Enable parallelism again by Simn · Pull Request #12747 · HaxeFoundation/haxe

Simn · 2026-03-05T19:04:14Z

This was randomly disabled in some ninja commit last year and I never noticed it. We even added -D disable-parallelism to optionally disable it, so I'm a little confused by it's disabled by default. But either way, let's get this working properly.

Simn · 2026-03-05T19:06:11Z

@copilot Please survey all the Parallel occurrences in filters.ml and trace through the code to find potential data races. Also, we've experienced some memory leaks in the past, but it is unclear if that was our fault or an upstream problem.

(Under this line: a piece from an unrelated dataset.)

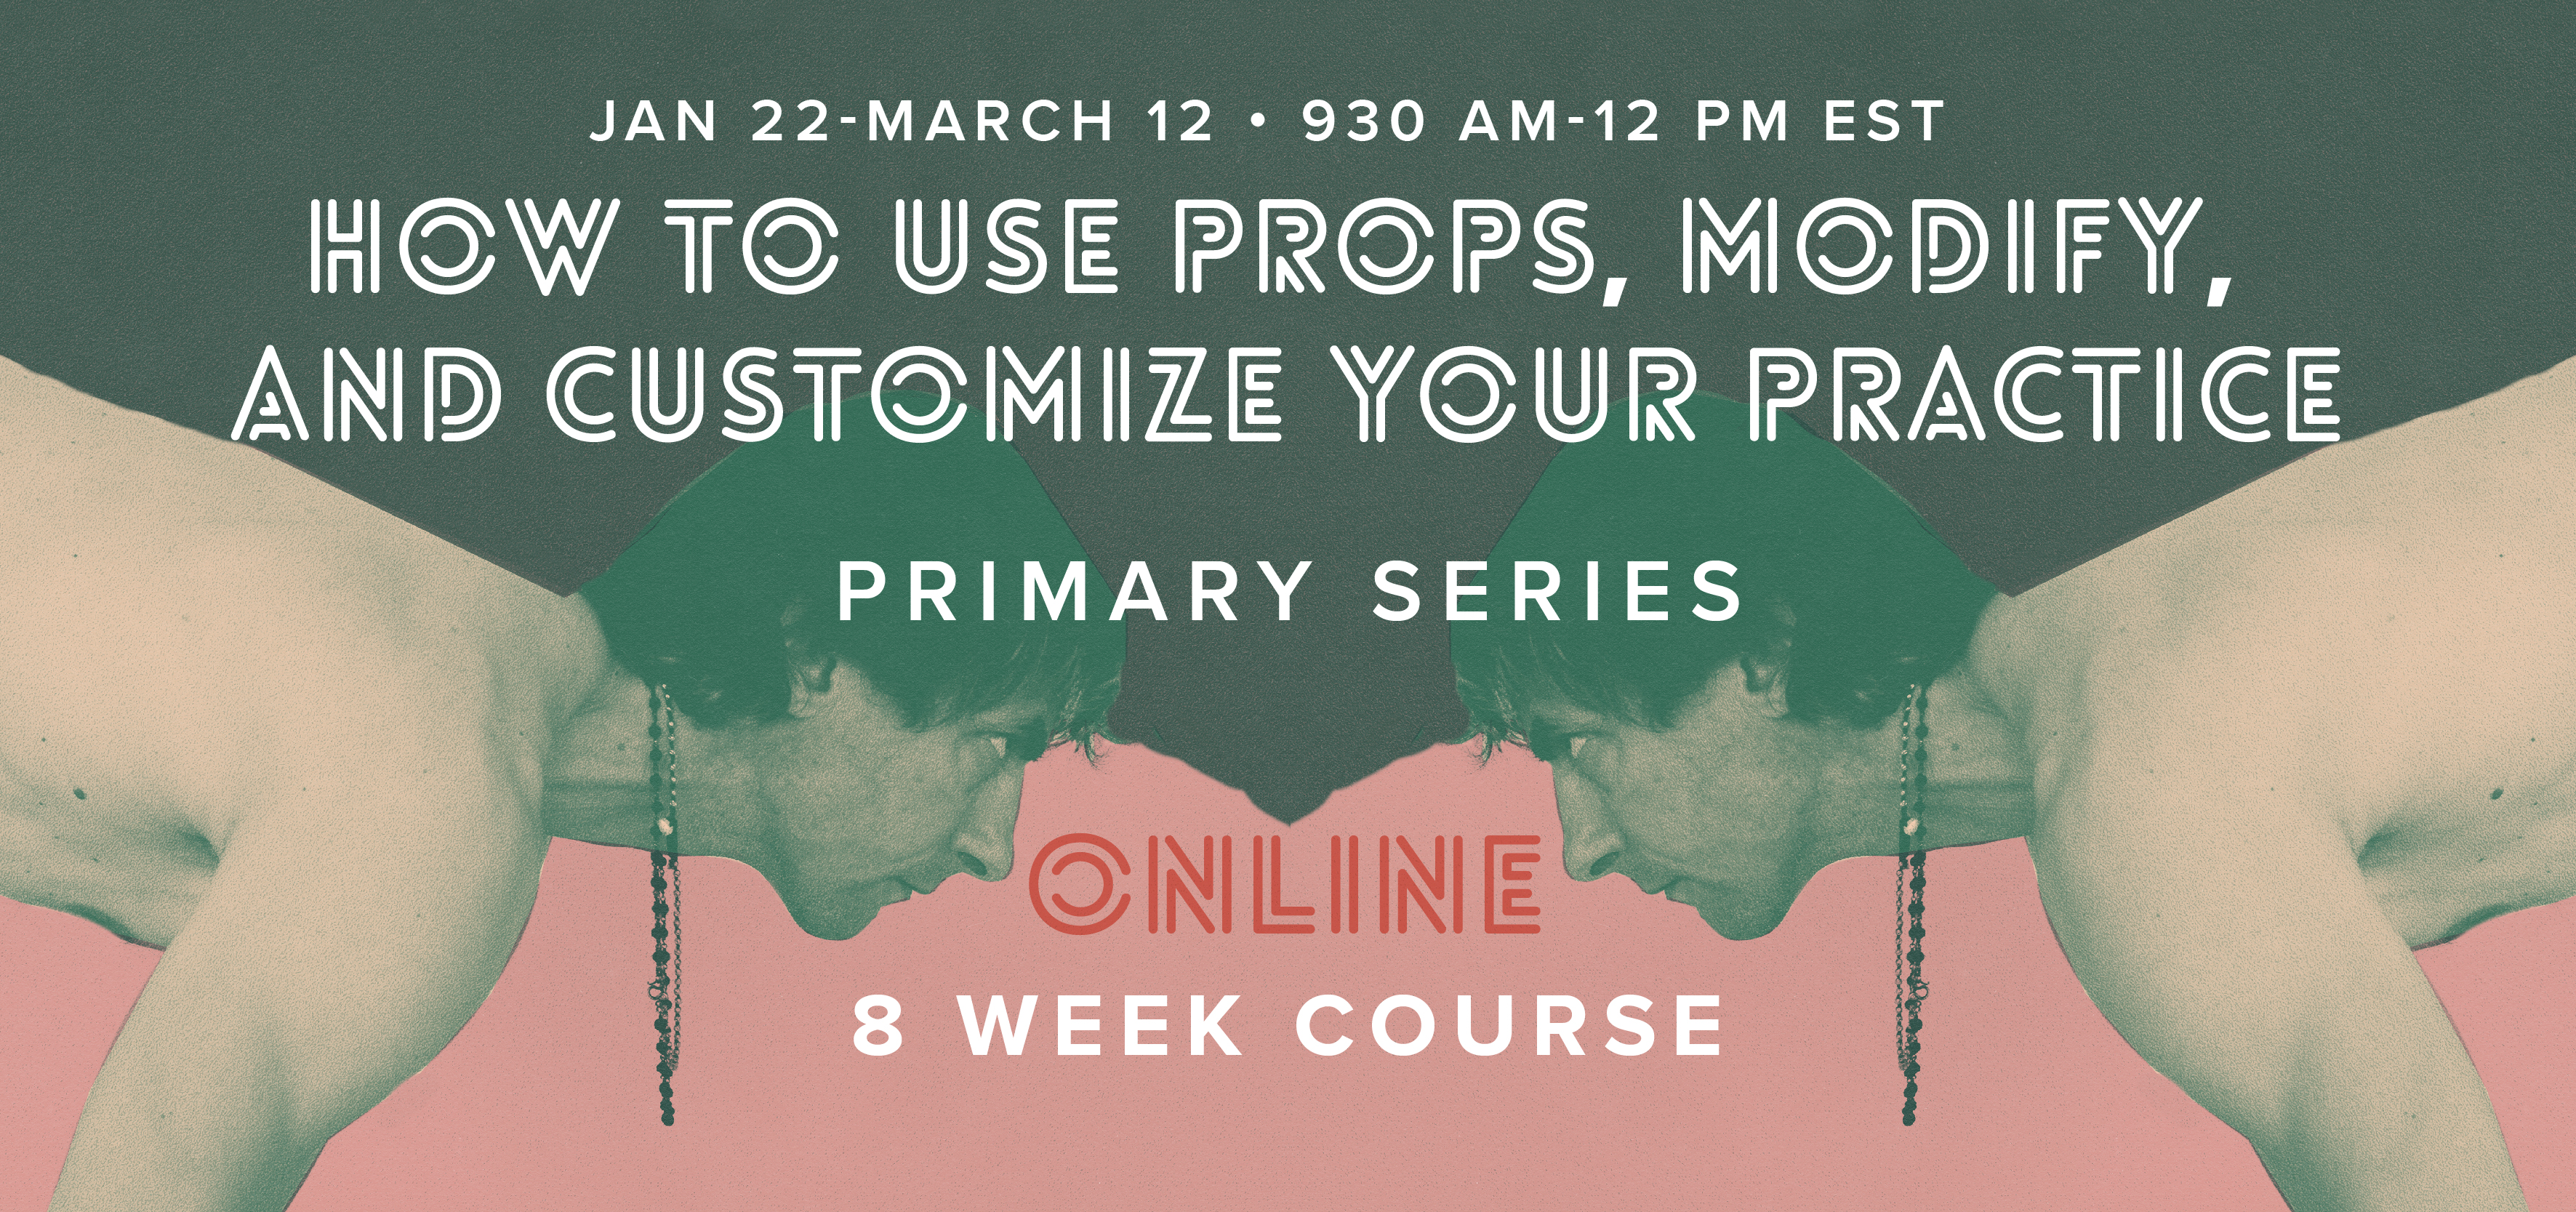 How to use Props, Modify, and Customize Your Practice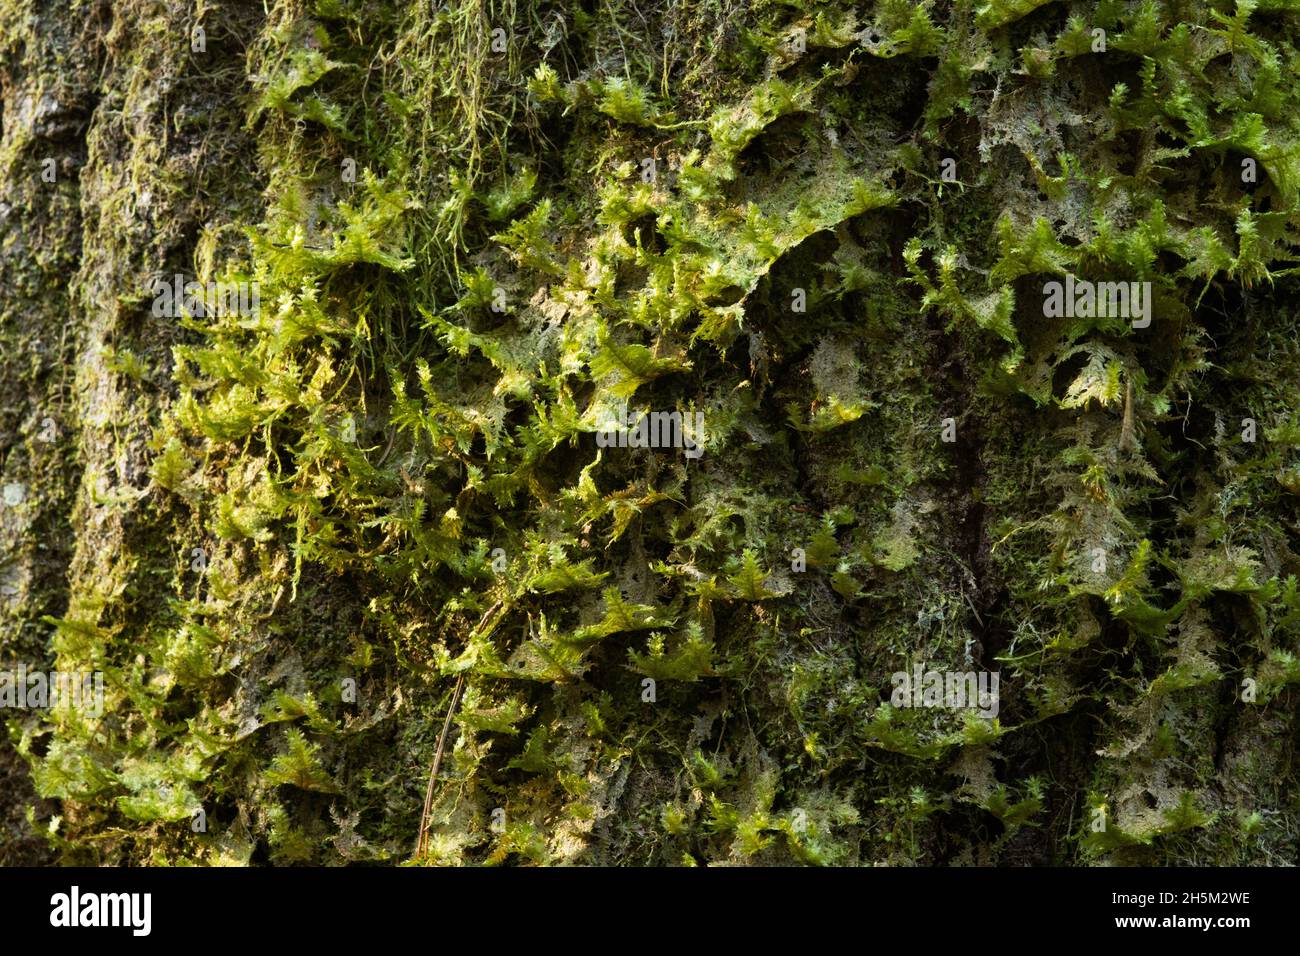 Close-up of a Neckera pennata growing on an Aspen bark in an old-growth forest. Neckera pennata is a species of moss belonging to the family Neckerace Stock Photo

Copilot · 2026-03-05T19:06:19Z

@Simn I've opened a new pull request, #12748, to work on those changes. Once the pull request is ready, I'll request review from you.

- Add Parallel.run_with_pool to wrap operations in Task.run (fixes Unhandled(Wait) exception from missing effect handler) - Update all call sites to use run_with_pool instead of bare Lazy.force - Enable parallel analyzer by default (remove opt-in gate) - Make apply_params_stack domain-local via Domain.DLS (fixes data race) - Make alloc_mid use Atomic (consistency with alloc_var) - Protect DCE CfMaybeUsed writes with field_marker_mutex (fixes flag race) Co-authored-by: Simn <634365+Simn@users.noreply.github.com>

Simn · 2026-03-05T22:09:10Z

@copilot I remembered (well, CI reminded me) that there was still a problem with domains and Eval. There's a comment about this in filters.ml:

	(* Note: We cannot have a thread pool up during the before/after_save callbacks because Eval's thread handling
	   currently does not get along with it. This is why we need a separate pool for this operation. *)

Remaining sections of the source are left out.